Part II: Advisory Council on Community Renewal - Advisory Council on Community Renewal Act - Establishes the Advisory Council on Community Renewal Act to advise the Secretary of Housing and Urban Development on the designation of renewal communities and on the exercise of authorities granted to the Secretary pursuant to this title.

Subtitle F: Other Provisions - Provides for an accelerated phase-in of specified increases in the volume cap on private activity bonds.

(Sec. 162) Repeals the targeted area limitation on the expense deduction for environmental remediation costs and to extend the termination date of such deduction from December 31, 2001, to June 30, 2003.

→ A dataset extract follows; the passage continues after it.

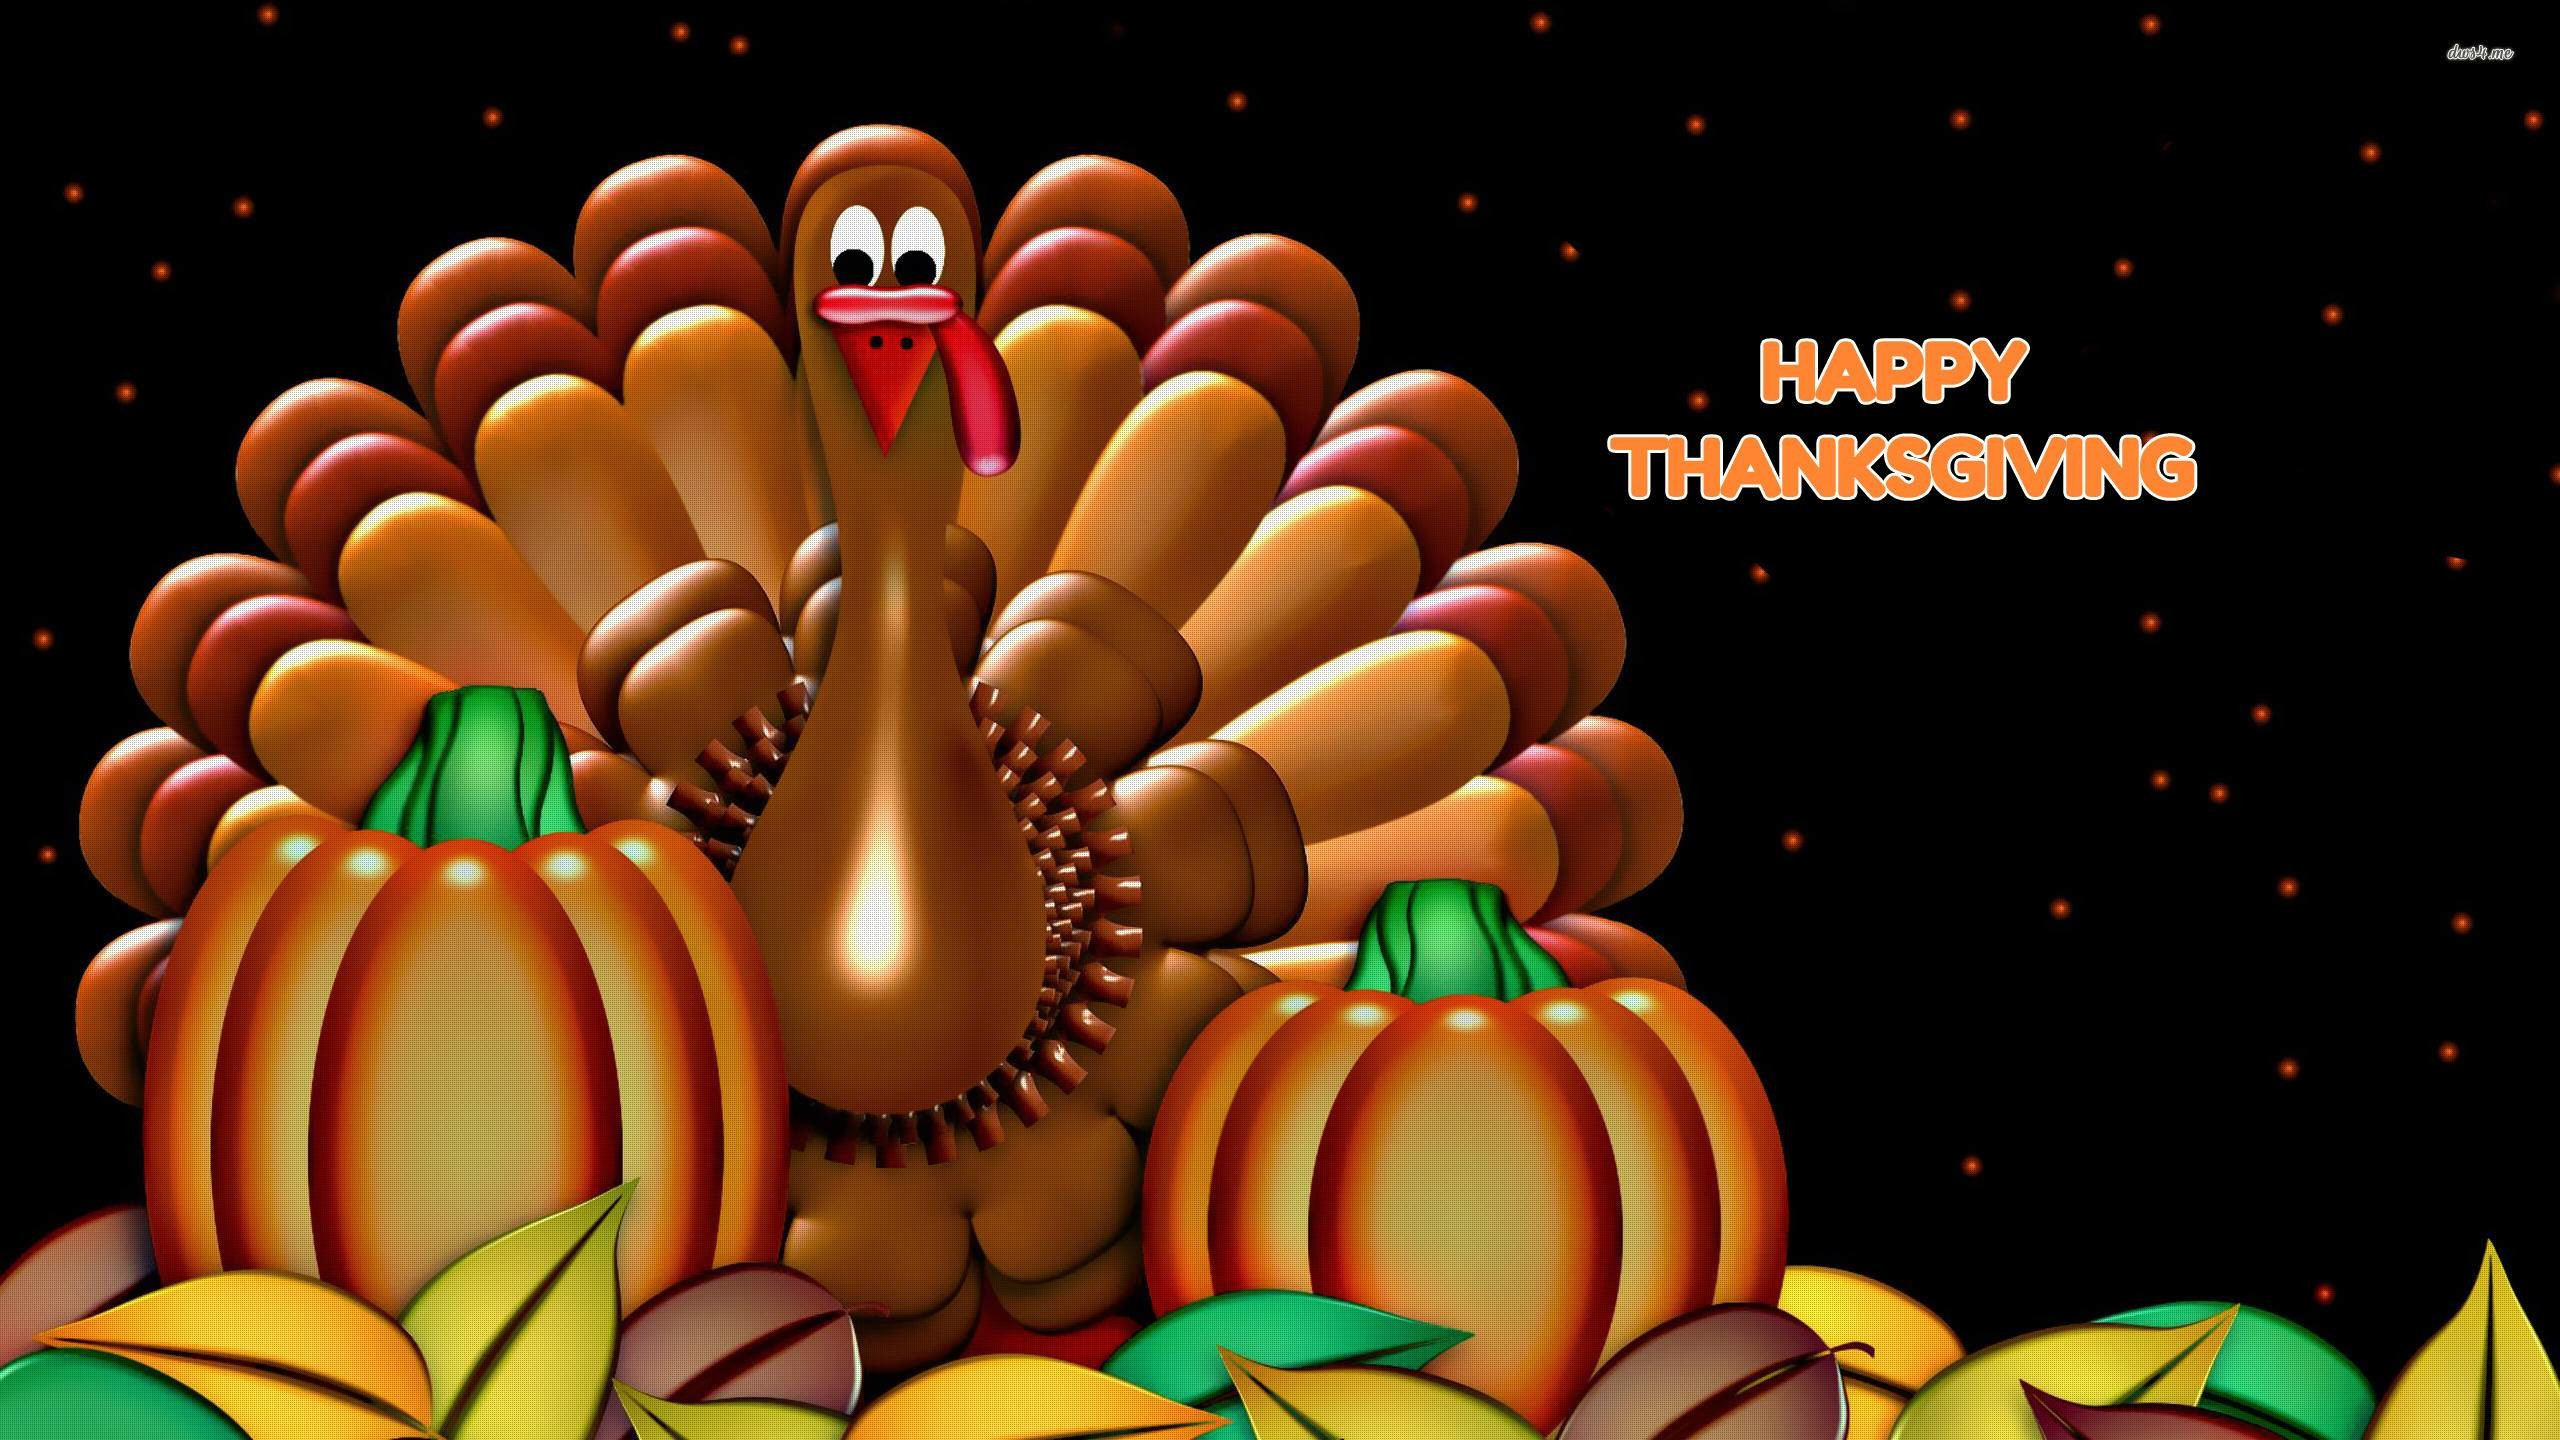 desktop wallpaper thanksgiving – www.

(Sec. 163) Extends the DC homebuyer tax credit for two additional years.

(Sec. 164) Extends DC Enterprise Zone provisions for an additional year.

(Sec. 165) Expands and extends the enhanced deduction for corporate donations of computer technology.

(Sec. 166) Provides for the treatment of Indian tribal governments under Federal Unemployment Tax Act.

Title II: Two-Year Extension of Availability of Medical Savings Accounts - Extends, for two years the availability of medical savings accounts. Renames such accounts Archer MSAs.

Title III: Administrative and Technical Provisions - Subtitle A: Administrative Provisions - Sets forth various administrative provisions, including provisions concerning: (1) the exemption of certain reporting requirements; (2) the extension of deadlines for IRS compliance with certain notice requirements; (3) the extension of authority for undercover operations; (4) confidentiality of certain documents relating to closing and similar agreements and to agreements with foreign governments; (5) an increase in the threshold for Joint Committee reports on refunds and credits; (6) the treatment of missing children with respect to certain tax benefits; (7) the prevention of the duplication of loss through the assumption of liabilities giving rise to a deduction; and (8) the disclosure of certain return information to the Congressional Budget Office, but only concerning long-term social security and medicare models.

Subtitle B: Technical Corrections - Makes amendments to the: (1) Ticket to Work and Work Incentives Improvement Act of 1999; (2) Tax and Trade Relief Extension Act of 1998; (3) Internal Revenue Service Restructuring and Reform Act of 1998; (4) Taxpayer Relief Act of 1997; (5) Balanced Budget Act of 1997; (6) Small Business Job Protection Act of 1996; and (7) Revenue Reconciliation Act of 1990.

Title IV: Tax Treatment of Securities Futures Contracts - States that, in general, a gain or loss attributable to the sale or exchange of a futures contract shall be considered gain or loss from the sale or exchange of property which has the same character as the property to which the contract relates has in the hands of the taxpayer if acquired by the taxpayer.